Danail Alexiev
Danail Alexiev

Reputation: 7772

Process custom annotation in implementing class of an Resource interface

I am trying to process a custom annotation on a class that implements an external interface that defines a Resource. The setup is the following:

A Resource interface, I can't modify it:

@Path("/v1")
public interface Resource {

    @GET
    @Path("/foo")
    Response foo();

}

An implementation that I can modify:

public class ResourceImpl implements Resource {

    @Override
    @CustomAnnotation // has Retention.RUNTIME
    public Response foo() {
        // foo logic
    }
}

I've implemented a filter to try and process the @CustomAnnotation on the overriden foo() method:

@Provider
@ServerInterceptor
@Precedence("SECURITY")
public class CustomAnnotationInterceptor implements ContainerRequestFilter {

    @Context
    ResourceInfo resourceInfo;

    @Override
    public void filter(ContainerRequestContext containerRequestContext) throws IOException {
        // check if the invoked resource method is annotated with @CustomAnnotation and do logic
    }
}

However, when I try to get the matched resource class from the ResourceInfo instance, I get the Resource interface, and when I get the matched method, I get the foo() method from the interface which is lacking the @CustomAnnotation. Is there any way around this?

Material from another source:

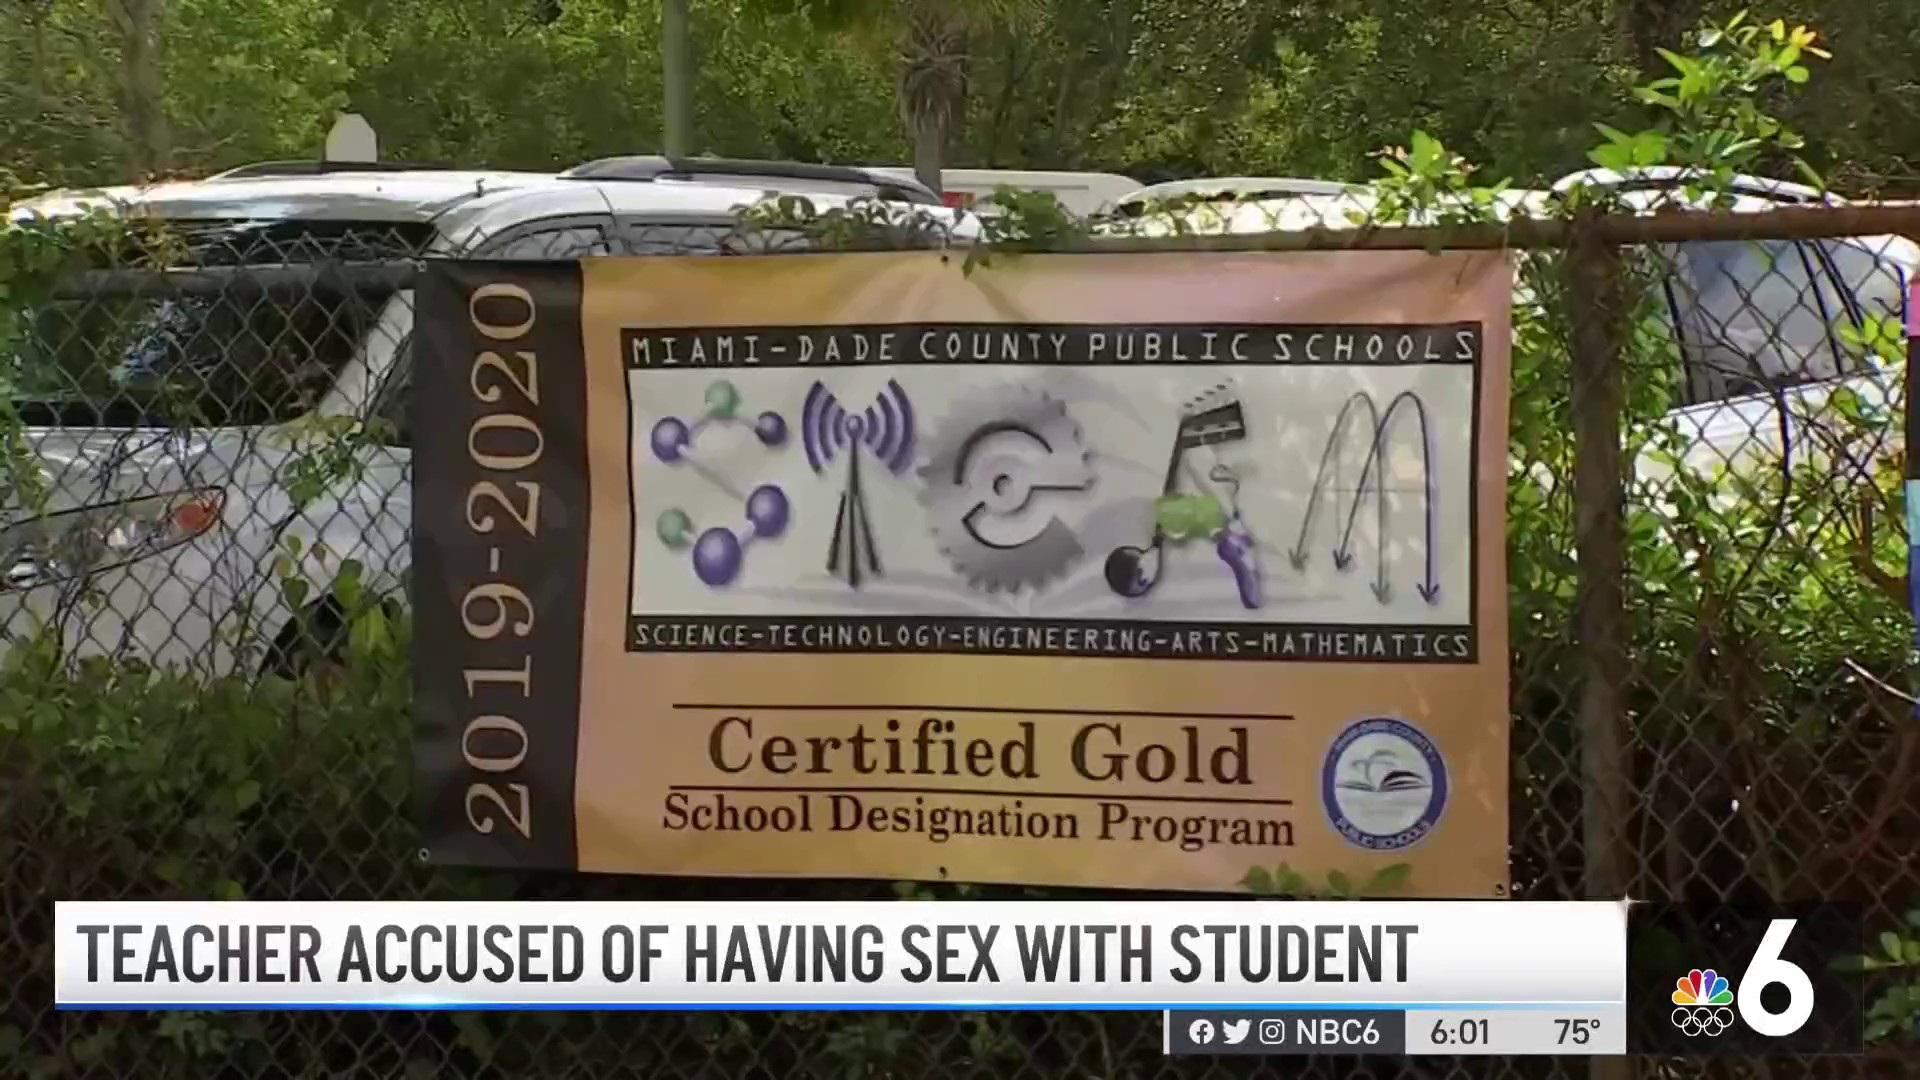 Teacher sex i in Miami

I'm using RESTEasy as an implementation of JAX-RS.

Upvotes: 1

Views: 541

Answers (1)

MiKo
MiKo

Reputation: 2146

You could implement an interceptor, where you can get hold of the actual resource (method and class) being called. The interceptor should be bound to your annotation using @InterceptorBinding (see 54.2.4 Binding Interceptors to Components).

// Interceptor
@Interceptor
@CustomAnnotation
@Priority(Interceptor.Priority.APPLICATION)
public class CustomAnnotationInterceptor {

    @AroundInvoke
    public Object interceptCustomAnnotation(InvocationContext ctx) throws Exception {
        CustomAnnotation customAnnotation = null;
        
        // The actual method being called
        Method method = ctx.getMethod();
        if (method != null) {
            customAnnotation = method.getAnnotation(CustomAnnotation.class);
        }

        // ... do stuff with the annotation

        return ctx.proceed();
    }
}

To get the instance of the class that implements your interface you could use ctx.getMethod().getDeclaringClass() or ctx.getTarget().getClass().getSuperclass().